Providence Saint Joseph Medical Center is a Catholic hospital in Burbank, California. The hospital has 446 beds, and is part of Providence Health & Services. Its address is 501 South Buena Vista Street, Burbank, California 91505. On the opposite side of Buena Vista Street from the hospital is the world headquarters of The Walt Disney Company. The hospital is accredited by the Commission on Accreditation of Rehabilitation Facilities (CARF).

==History==
Providence Saint Joseph Medical Center in Burbank is affiliated with Providence Health & Services, a large not-for-profit health system based in Renton, Washington. The Burbank location was founded in 1943 by the Sisters of Providence.

PSJMC has more than 400 patient beds, and it offers a wide variety of medical and health services to people in the San Fernando Valley.
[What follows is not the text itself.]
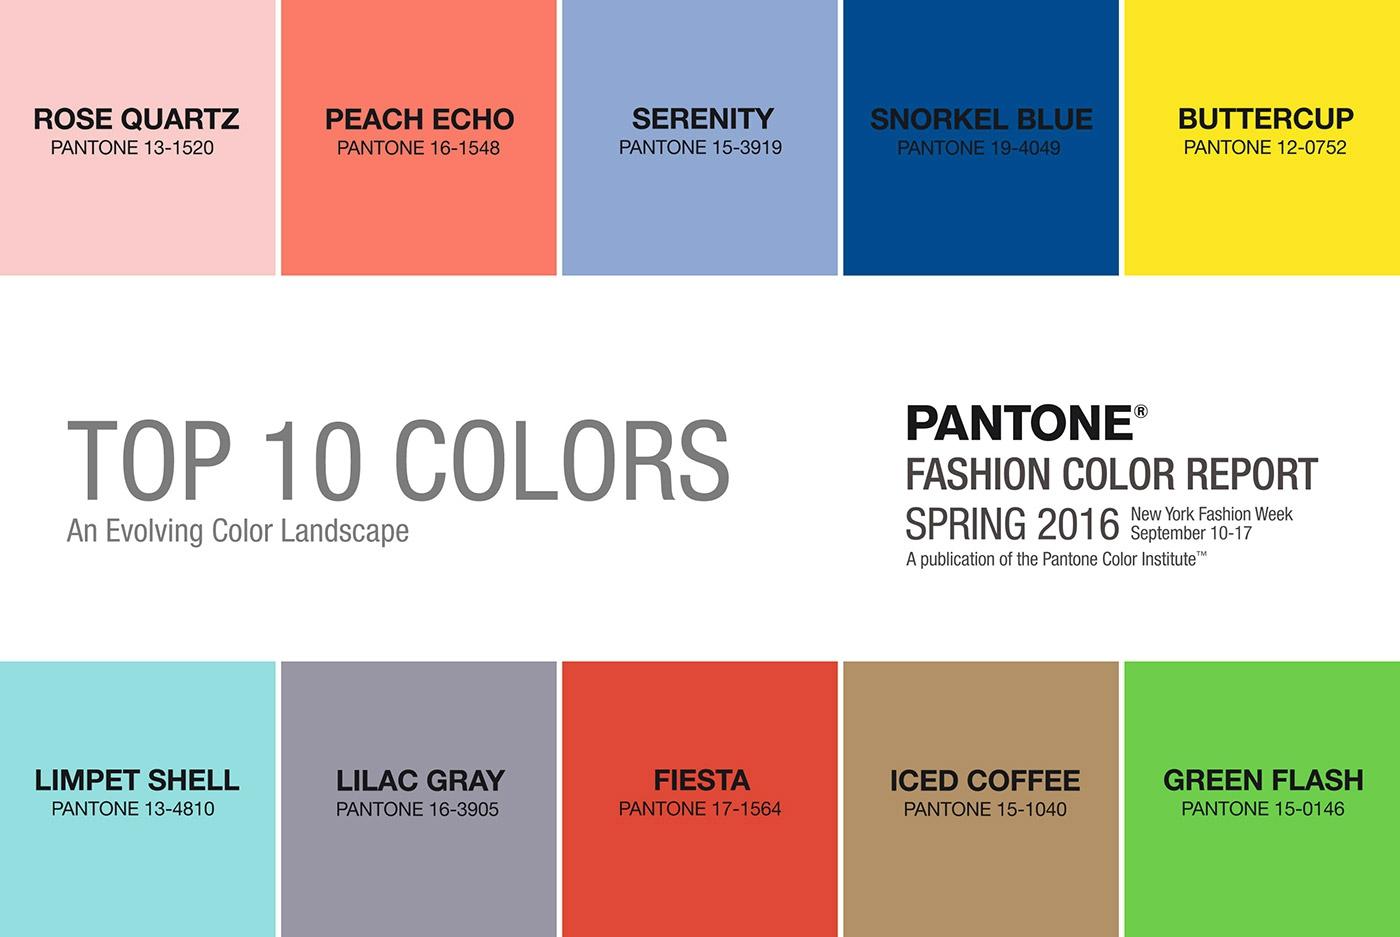 couleurs pantone 2016
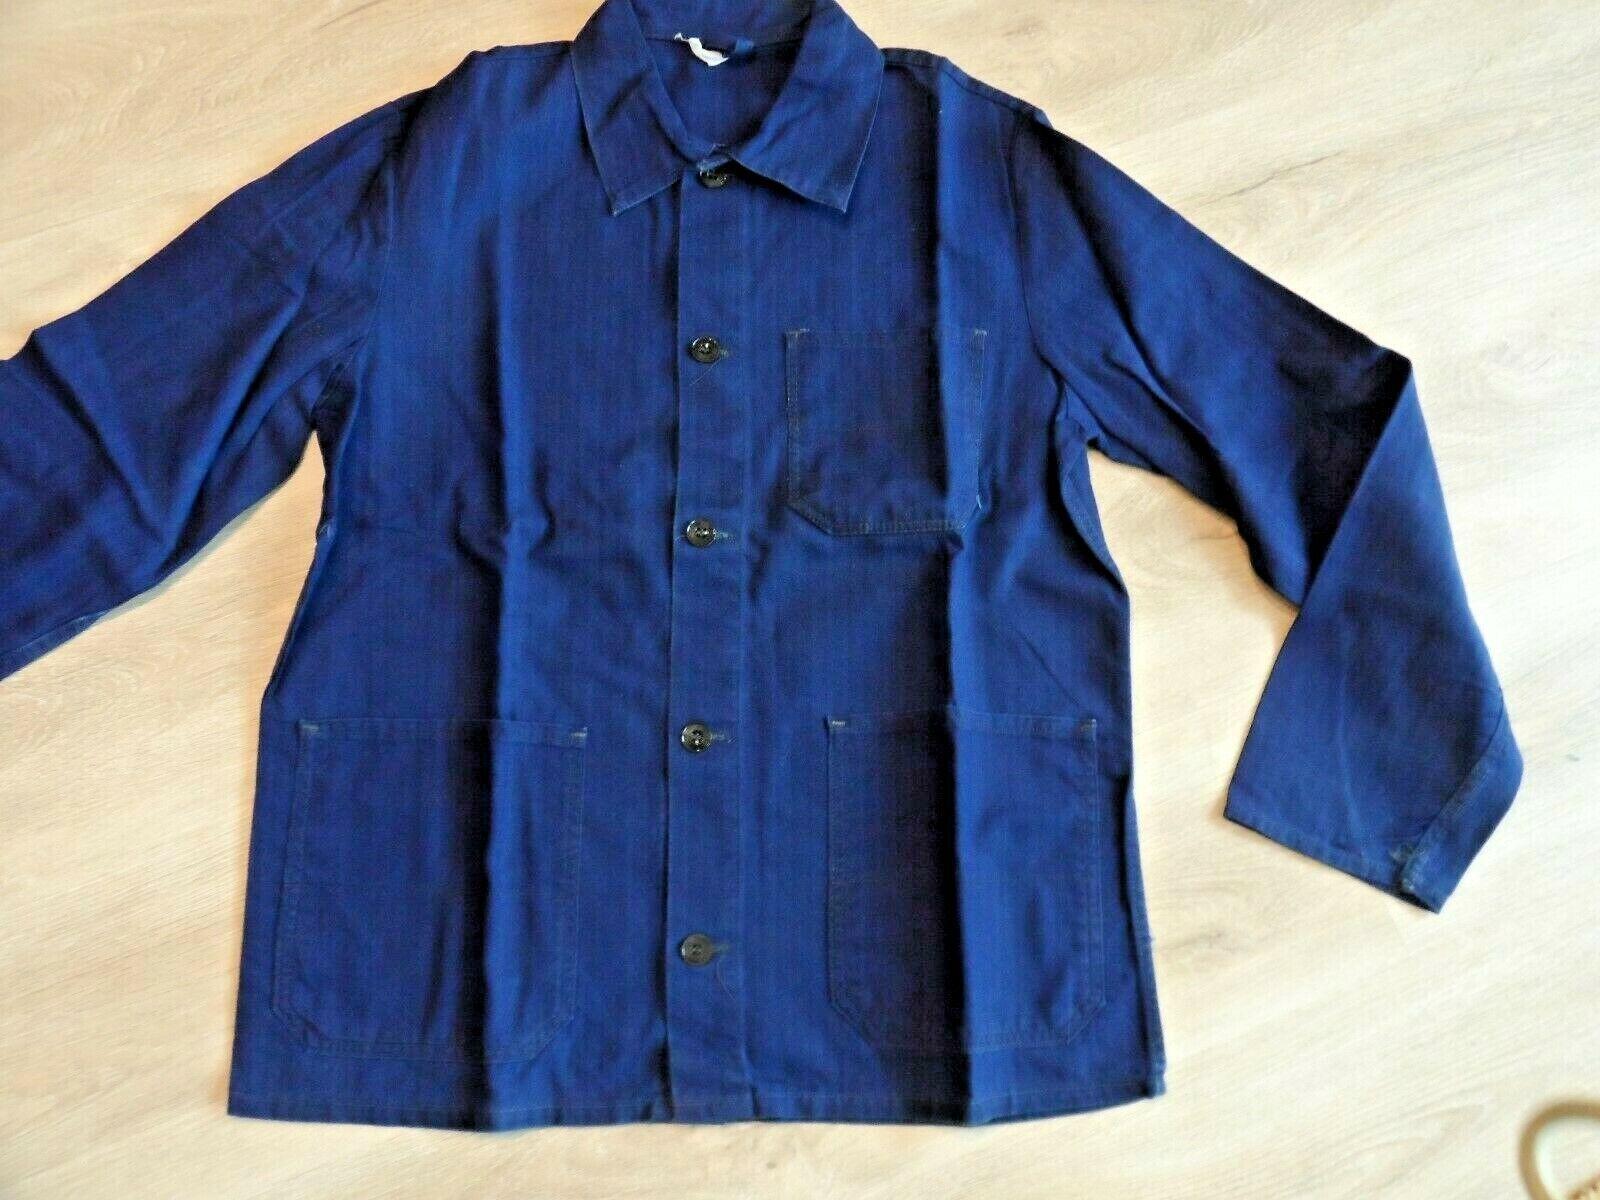 Arbeitsjacke  von Sanfor - Blau - Cotton/Baumwolle - Gr.48 - Neu!

Providence Saint Joseph is one of the largest employers in the San Fernando Valley, and the hospital has over 650 physicians on staff and close to 2,500 total employees.
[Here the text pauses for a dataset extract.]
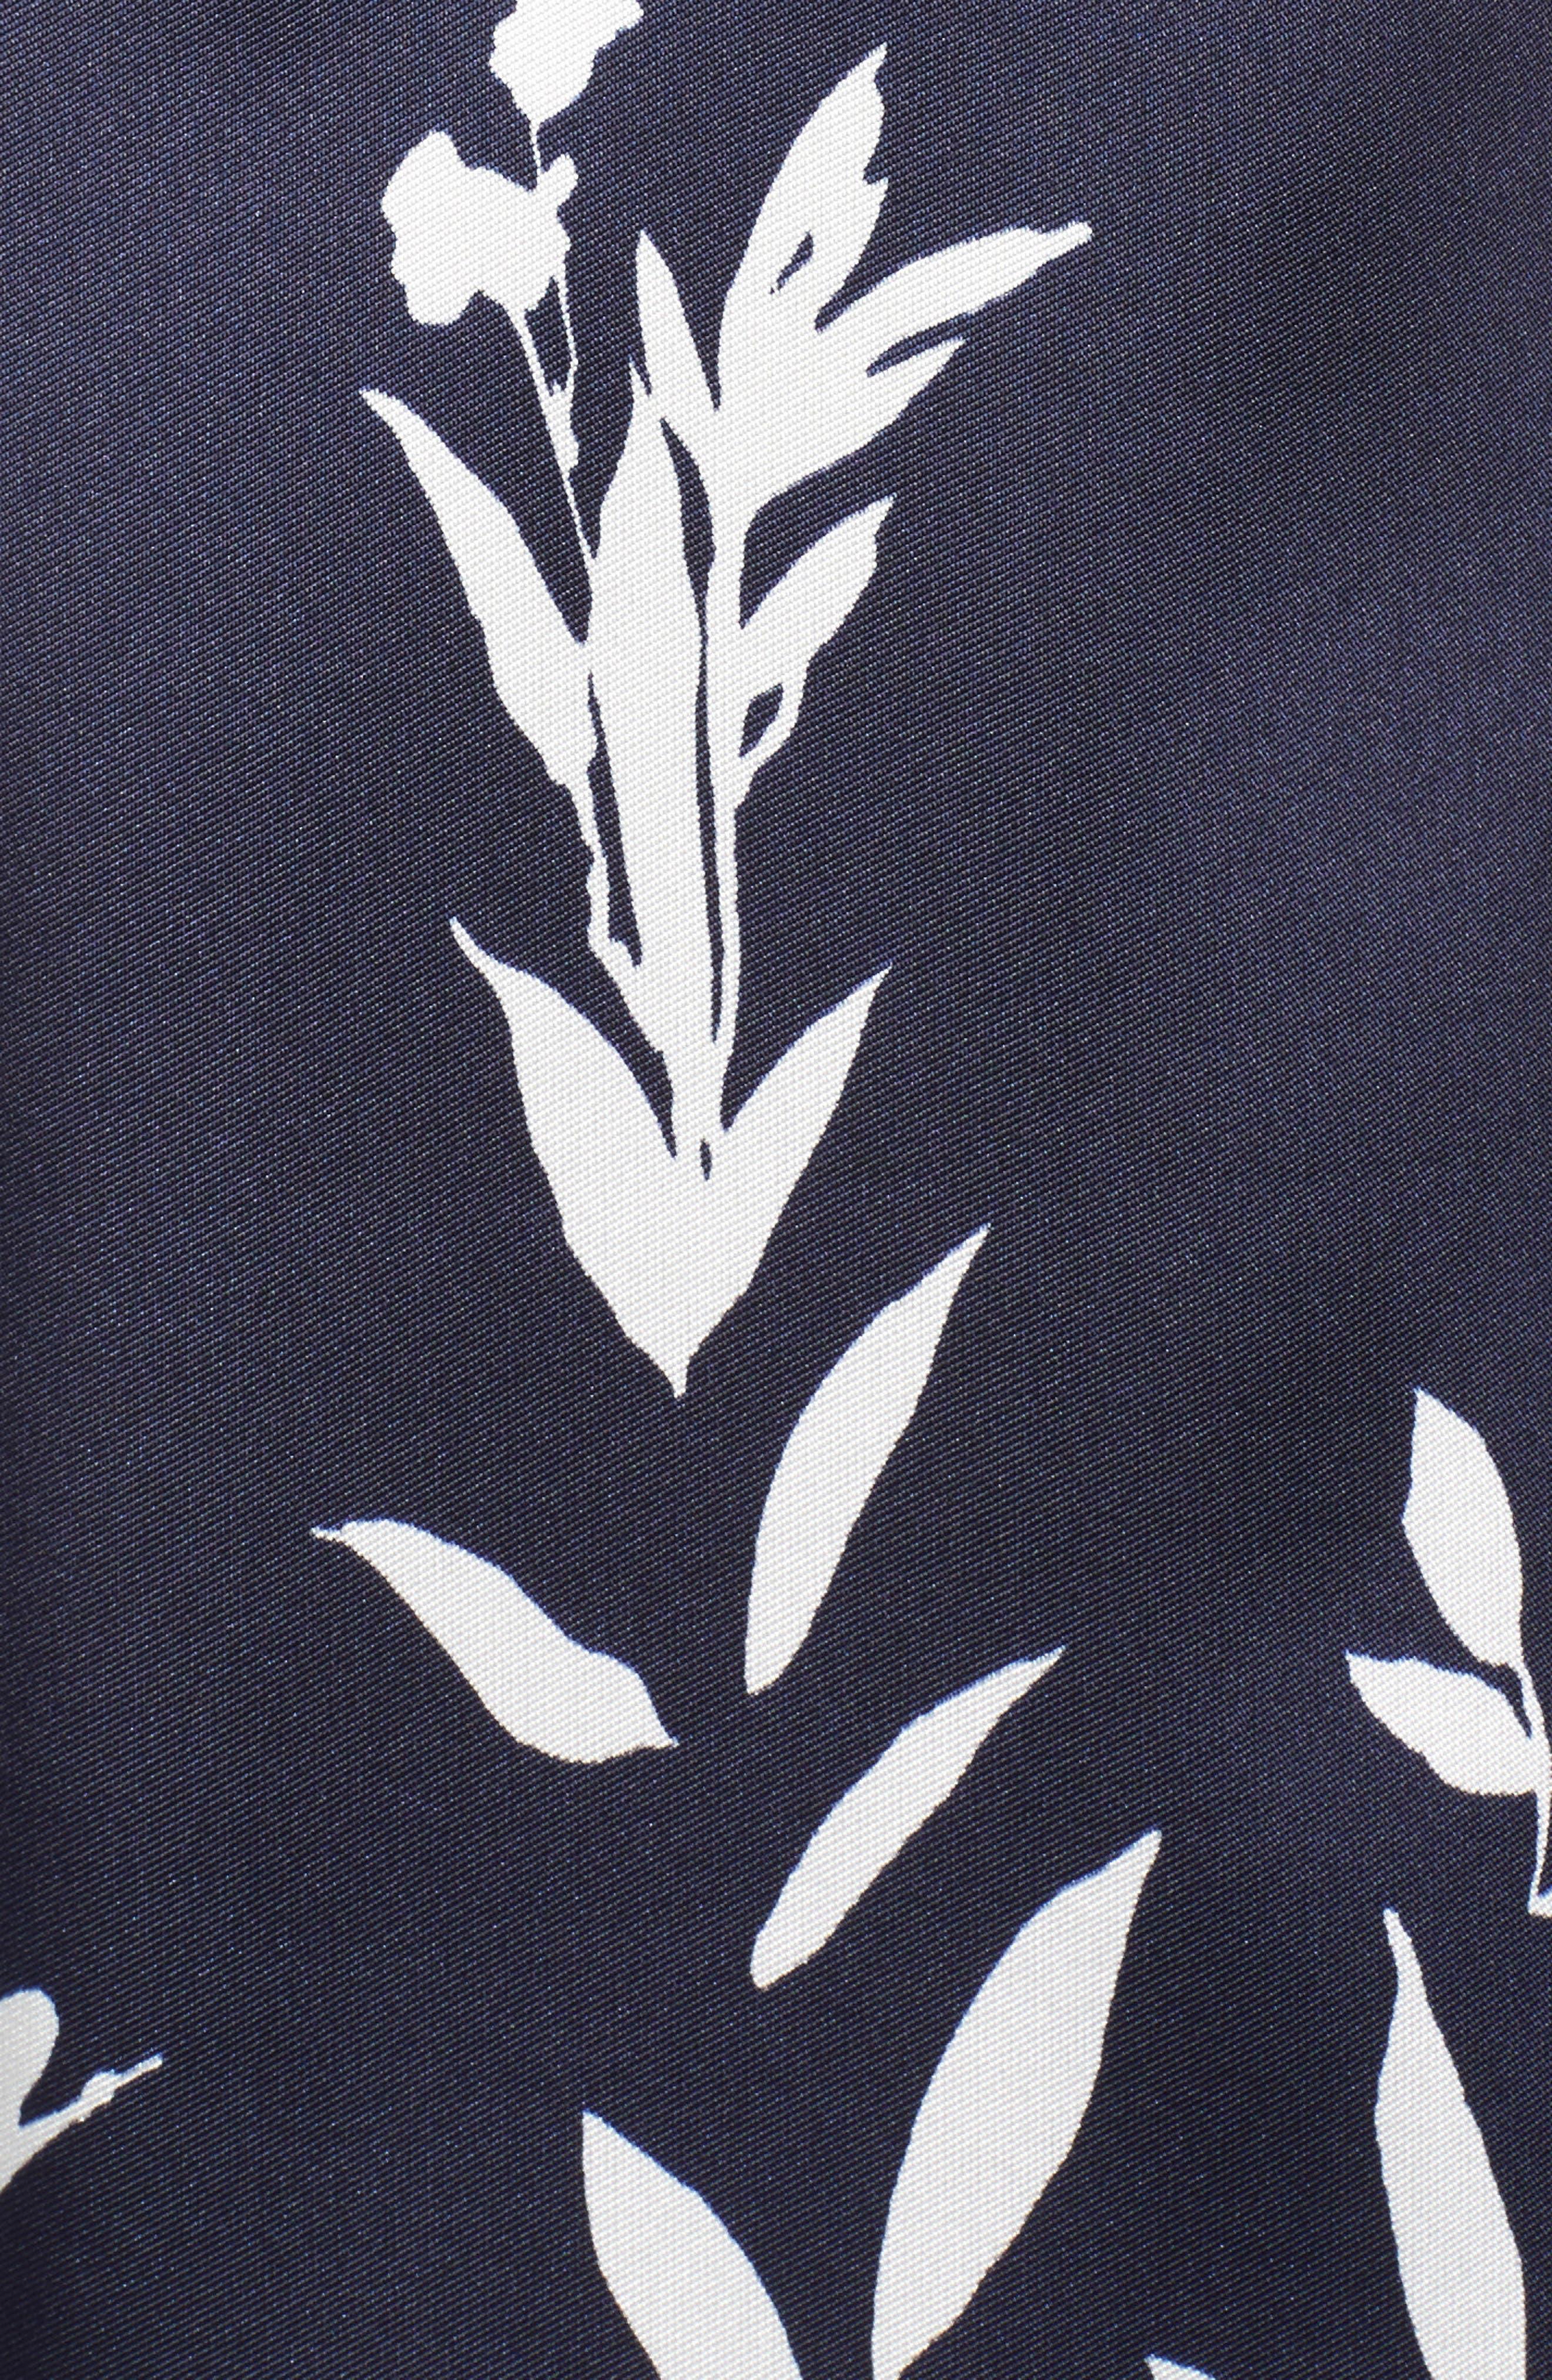 Mikado Illusion V Neck Gown,                             Alternate thumbnail 5, color,                             Navy/ White

Annually, Providence Saint Joseph treats tens of thousands of patients, including those who seek emergency services in its emergency room, special care for medical conditions, and preventative care from its physicians.

Providence Saint Joseph Medical Center also offers a wide variety of classes and special educational events. Classes include yoga, breastfeeding, Pilates, heart care, Lamaze, and a number of other special programs, lectures, and classes held throughout the year.

In 1977, it was the location of The Incredible Hulk 1978-1982 TV series, used for the Culver Institute Radiology Department.

==Leadership==
Kelly Linden was the Chief Executive at Providence Saint Joseph Medical Center up until May 14, 2021. Linden was responsible for the main medical center, the Roy and Patricia Disney Family Cancer Center, as well as various offsite laboratories.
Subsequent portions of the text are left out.